This article in the Chronicle of Higher Ed, by Damon Horowitz, Google's in-house philosopher, has been making the rounds. I find Horowitz makes his key point here:
The technology issues facing us today—issues of identity, communication, privacy, regulation—require a humanistic perspective if we are to deal with them adequately. If you actually care about one of those topics—if you want to do something more serious about it than swap idle opinions over dinner—you can. And, I would venture, you must. Who else is going to take responsibility for getting it right?
I see a humanities degree as nothing less than a rite of passage to intellectual adulthood. A way of evolving from a sophomoric wonderer and critic into a rounded, open, and engaged intellectual citizen. When you are no longer engaged only in optimizing your products—and you let go of the technotopian view—your world becomes larger, richer, more mysterious, more inviting. More human.
Horowitz tracks his own journey from being a successful technologist to someone who became dissatisfied with his ability to address the challenges he had set for himself. His humanities graduate education, he argues, became invaluable in exploring these deeper philosophical questions in a way his previous education could not. Perhaps Horowitz presents an overly romantic vision of the humanities. He acknowledges this to some degree, though I believe he is sincere in his accounting of the value his education has been to him. And no doubt, his personal, idiosyncratic journey from technology to philosophy may not be a blueprint for others to follow. I don't think he's asking anyone to take his life as a model.
What is most interesting (and sadly telling) are the comments that follow the article in which various humanists take all manner of offense to Horowitz's suggestion that the humanities was actually useful for him as a technologist and might be valuable to other technologists as well. I'll just offer the first response as indicative of what generally follows in the 71 comments (at this moment) that follow:
While I appreciate a well-written defense of the value of the humanities, I resent that it takes someone who has a degree in a "more valuable" discipline to help/allow us to be taken seriously. Please don't take this personally, but it's frustrating that people in tech or business are taken more seriously when they talk about the value of the humanities than those of us who are "just" humanists.

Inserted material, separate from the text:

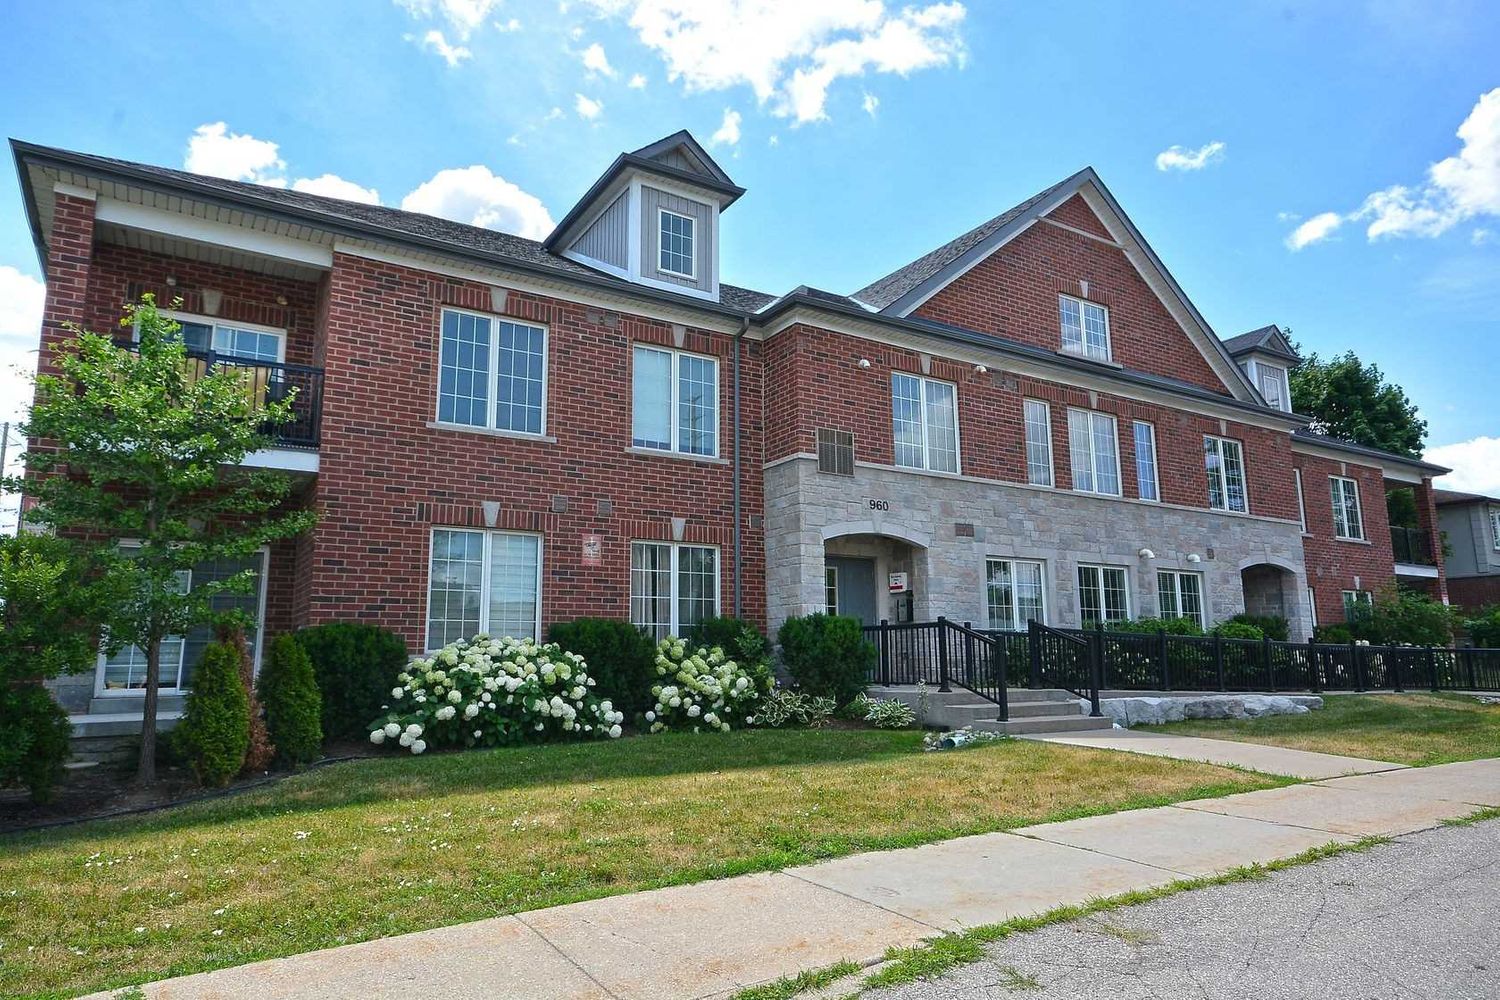 960 Bloor Street. 960 Bloor Townhomes is located in  Mississauga, Toronto - image #1 of 2

Yes, heaven forbid that someone not in the humanities might find our work valuable. Certainly no humanists would ever be so rude as to find value in the sciences or in business or among technologists. The comments range from refuting Horowitz's suggestion that the humanities could be of any use to claiming injury from the suggestion that someone with a humanities phd might do something other than become an academic. Keep in mind that most of these comments appear to come from academics in the humanities.
Admitedly, it is an unfortunately surprising notion to most humanists that the humanities might serve as an intellectual means to address the challenges, problems, and opportunities that humans encounter in their lived experience. If, as the last century has suggested, humanists wish to be viewed like the sciences, conducting "pure research," then maybe we need "applied humanities." While I would be happy to nominate rhetoric as applied humanities, I'm not sure if or how rhetoric would make any use of "pure" humanities research, because in the humanities not only is research done without regard to how or if it might be applied, it is often done with a resolute insistence that it has and can have no application or value.
hmmm....
In any case, the sad little comment stream on this article tells you all you need to know about what is wrong with the humanities. In my view, of all the arenas of academic thought, the humanities most of all needs to be in/of the world. Maybe using the humanities to address technological problems isn't for everyone. Obviously not everyone is going to be an in-house philosopher at Google. But why should we be angry or even skeptical about the notion that the humanities might be of value to such people?